История Отелло мне понравилась, а по мере того как белая мисс читала, захватила меня. Я перенесся на землю, где храбрый африканец жил и любил и где разрушил свою любовь.
Женщина закрыла книгу.
— Нравится?
— О да!
— Вот видишь. В этой книге много таких историй. Если б ты ходил в школу, ты смог бы прочесть их сам.
— А я смогу потом найти такую книгу?
— Конечно, книг много.
— Таких, с такими же историями?
— И таких. Книг тысячи тысяч.
— Тогда я иду в школу!
— Когда? — У нее в глазах бегали искры.
— В понедельник.
— Начало положено! — Она рассмеялась. — А почему ты до сих пор не учился?
— Не знаю.
— Ты же видел, что другие дети ходят в школу?
— Никто не рассказывал мне про такие истории.
— Ах вот оно что! Истории…
— Когда я научусь читать и писать, я стану сам сочинять такие же…
Она улыбнулась, а потом вдруг выпрямилась, взяла со стола ручку и открыла книгу.
— Как твоя фамилия?
— Абрахамс, мисс. Питер — так мое полное имя, Питер Абрахамс.
Она что-то надписала на книге.
— Смотри, я поставила здесь твое имя.
Я посмотрел.
— Мое, мисс?
— Да. Я написала: «Из книг Питера Абрахамса». Это тебе.
— А где мое имя?
— Вот эти два слова. — Она показала. — Ну, бери же!
Я взял книгу. Я держал ее со всей осторожностью.
Я шагнул к двери, оглянулся. Она покачала головой и засмеялась. И вдруг прервала смех.
— О боже, — произнесла она и снова покачала головой.
— Спасибо, мисс. Спасибо!
У нее странно блестели глаза за толстыми стеклами очков.
— Иди! — сказала она. — Ступай… В добрый час…
Я растерянно топтался у двери. Она плачет? Но почему?

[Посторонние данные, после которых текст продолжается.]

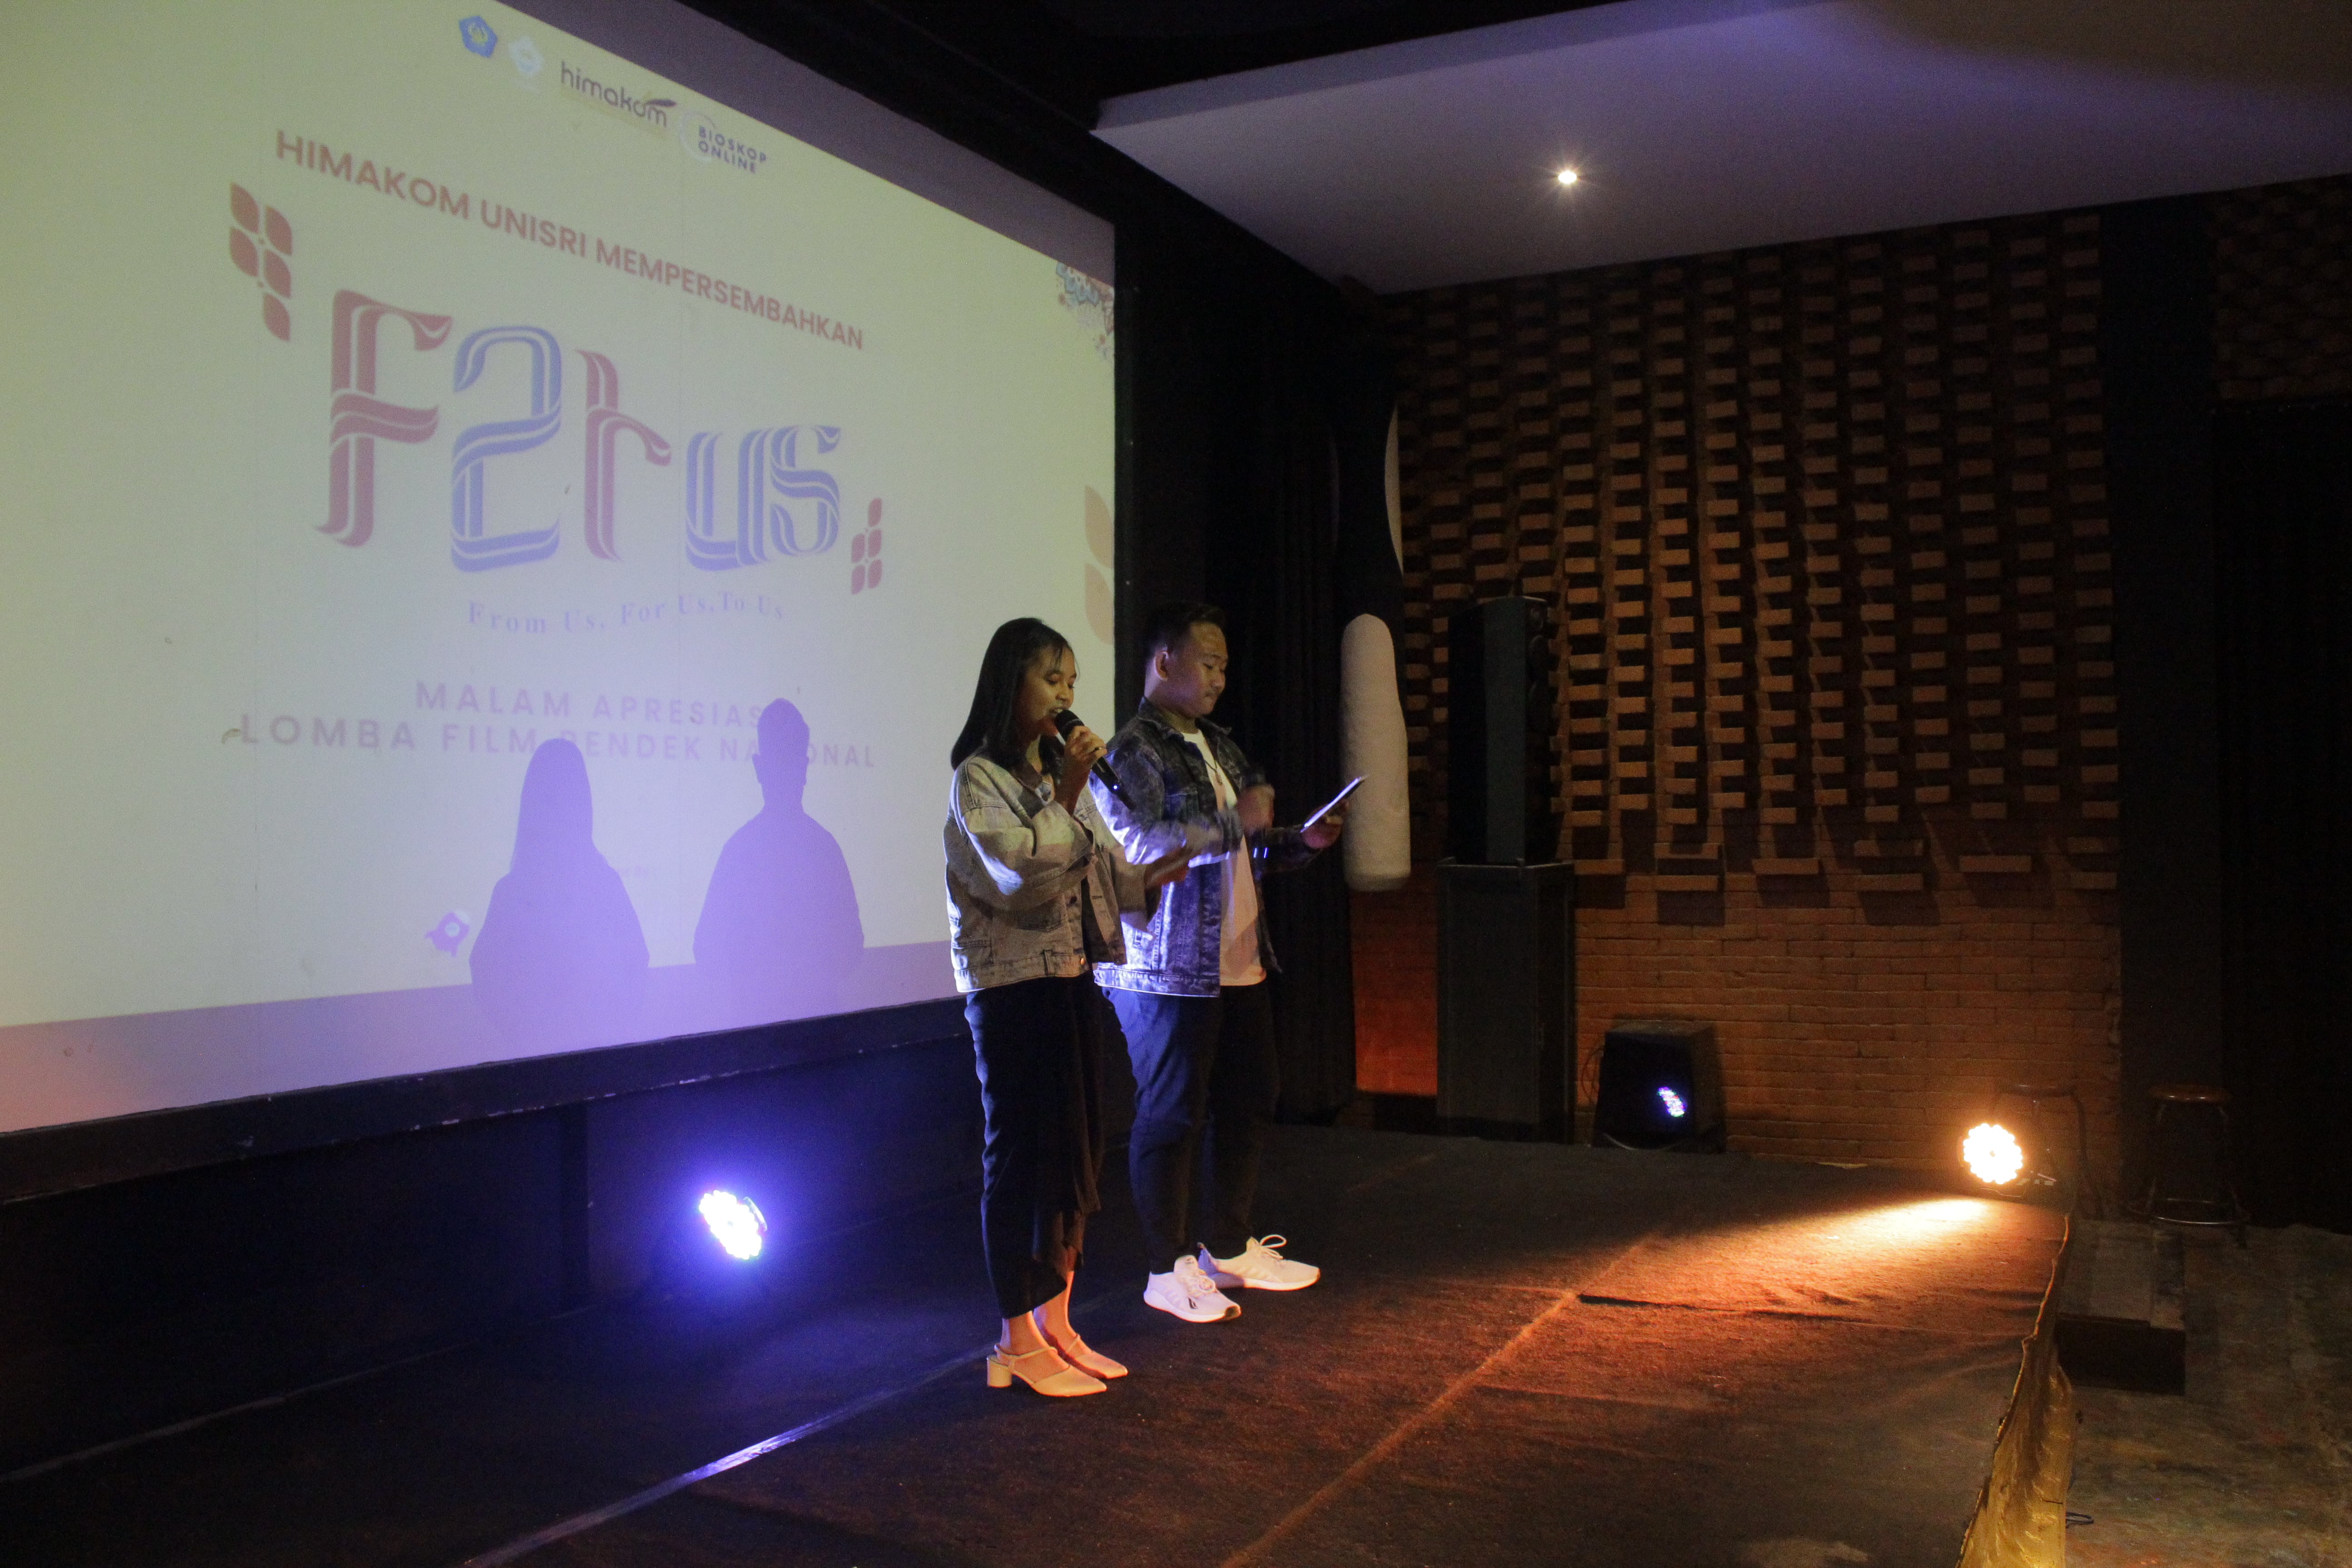 Himakom Unisri Sukses Mengadakan Lomba Film Tingkat Nasional dalam Acara F2TUS

— Еще раз спасибо, мисс. Спасибо!
— Но вы же видите, сэр, он пропустил половину занятий. Уже середина семестра, и у меня переполнен класс. И потом, такой верзила! Он и по возрасту перерос четвертый… Где ты был, когда начинался учебный год?
— Я работал, мисс.
— ?!
— Ну конечно, конечно. Ведь у нас образование обязательно только для белых, и никому нет дела до того, ходит этот мальчишка в школу или нет. Почему я должен вам все это говорить?!.. Неужели мне нужно приводить вам цифры неграмотности среди вашего же народа? Вы — цветная, и я еще должен рассказывать вам о положении вещей, которые вы знаете лучше меня!
— Нет, сэр… Но…
— Я знаю. В вашем классе в три раза больше учащихся, чем должно быть; у вас не хватает грифельных дощечек и карандашей; некоторым верзилам пора самим иметь детей и отпускать бороду; у вас не хватает парт; вы не в силах уследить за всей этой оравой. Я все знаю. Но вы только задумайтесь: мальчишка на работе слышит, как кто-то читает книгу, и желание прочесть ее самому приводит его сюда! Он говорит: «Примите меня, я хочу учиться». А мы покажем ему на дверь только потому, что он не отвечает каким-то требованиям? У нас в стране столько талантов, что мы можем позволить себе бросаться ими?.. Слушайте! У меня есть идея! Мы примем его в школу и заставим проходить три дня за один… Мальчик! Питер!
— Сэр?
— Не боишься тяжелого труда?
— Нет, сэр.
— Я задам тебе работы! Ты у меня узнаешь, почем фунт лиха, но я обещаю — к концу года ты будешь читать и писать. Условия жесткие. Если ты будешь замечен в расхлябанности, лени — я велю учительнице послать тебя ко мне и высеку розгой! Крепко высеку! Согласен?
— Да, сэр.
— Ну вот, мальчик и я, — мы оба торопимся. Помогите нам. У нас нет лишнего времени… Берите его!
— Слушаю, сэр.
— Хелло! Еще один?
— Да. Они с директором торопятся. Директор изобрел новую систему: переростки проходят трехгодичный курс обучения за год.
— Бог ты мой!
— С ума сойти, да и только.
— Одного у старика не отнимешь: он болеет за образование цветных. Виссер — единственный директор, о котором я могу это сказать за все годы, что здесь работаю. А он — бур! Ты знаешь, на него хотели надеть смирительную рубаху…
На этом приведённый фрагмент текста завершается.